RTX 4090 shows as "non-free GPU" when running NIM model in docker

I have been working to run NIM directly on my system with a single RTX4090. After some issues getting an API token to work, I am able to authenticate and pull the models. However, it detects 0 compatible profiles and defines my GPU as non-free. Has anyone successfully run NIM models natively on their PC with a single 4090? It has been a days-long challenge for me and still not quite there.


export LOCAL_NIM_CACHE=~/.cache/nim

mkdir -p “$LOCAL_NIM_CACHE”

docker run -it --rm \

–gpus device=0 \

–shm-size=16GB \


-v “$LOCAL_NIM_CACHE:/opt/nim/.cache” \

-u $(id -u) \

-p 8000:8000 \



== NVIDIA Inference Microservice LLM NIM ==


NVIDIA Inference Microservice LLM NIM Version 1.0.0

Model: nim/meta/llama3-8b-instruct

Container image Copyright (c) 2016-2024, NVIDIA CORPORATION & AFFILIATES. All rights reserved.
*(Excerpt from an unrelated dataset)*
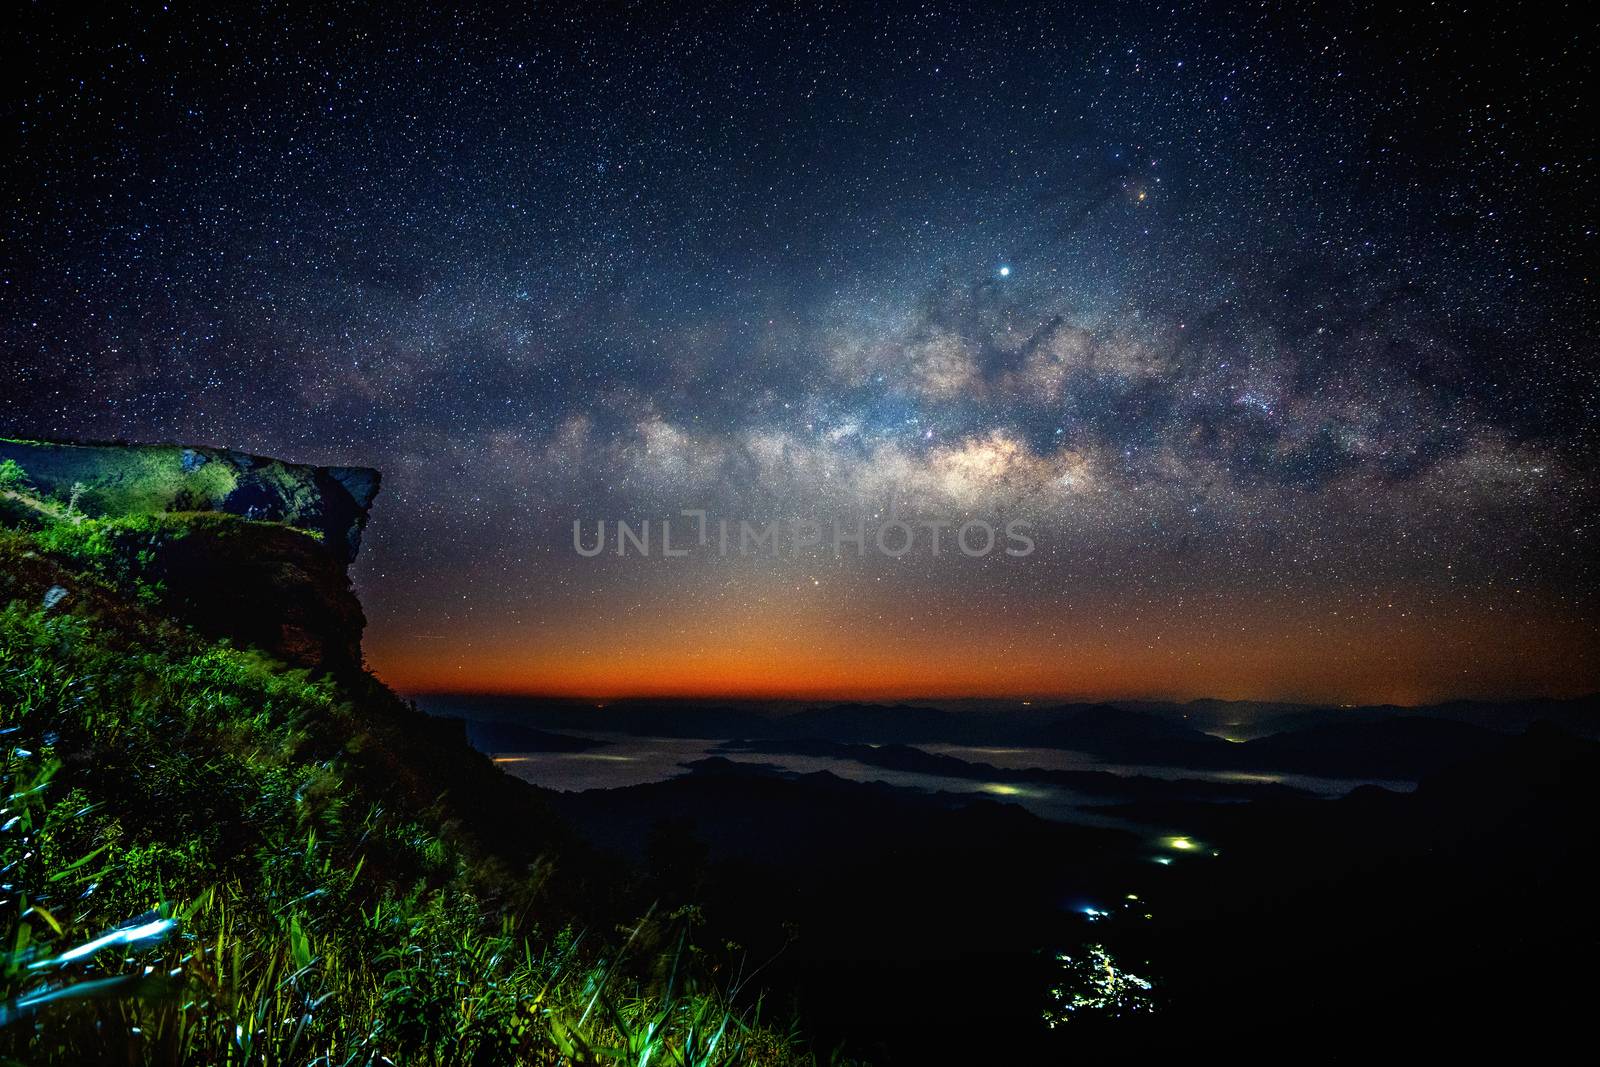 Milky way and star over Phu chi fa at night in Chiangrai, Thailand.

This NIM container is governed by the NVIDIA AI Product Agreement here:

NVIDIA AI Enterprise Software License Agreement | NVIDIA.

A copy of this license can be found under /opt/nim/LICENSE.

The use of this model is governed by the AI Foundation Models Community License

here: https://docs.nvidia.com/ai-foundation-models-community-license.pdf.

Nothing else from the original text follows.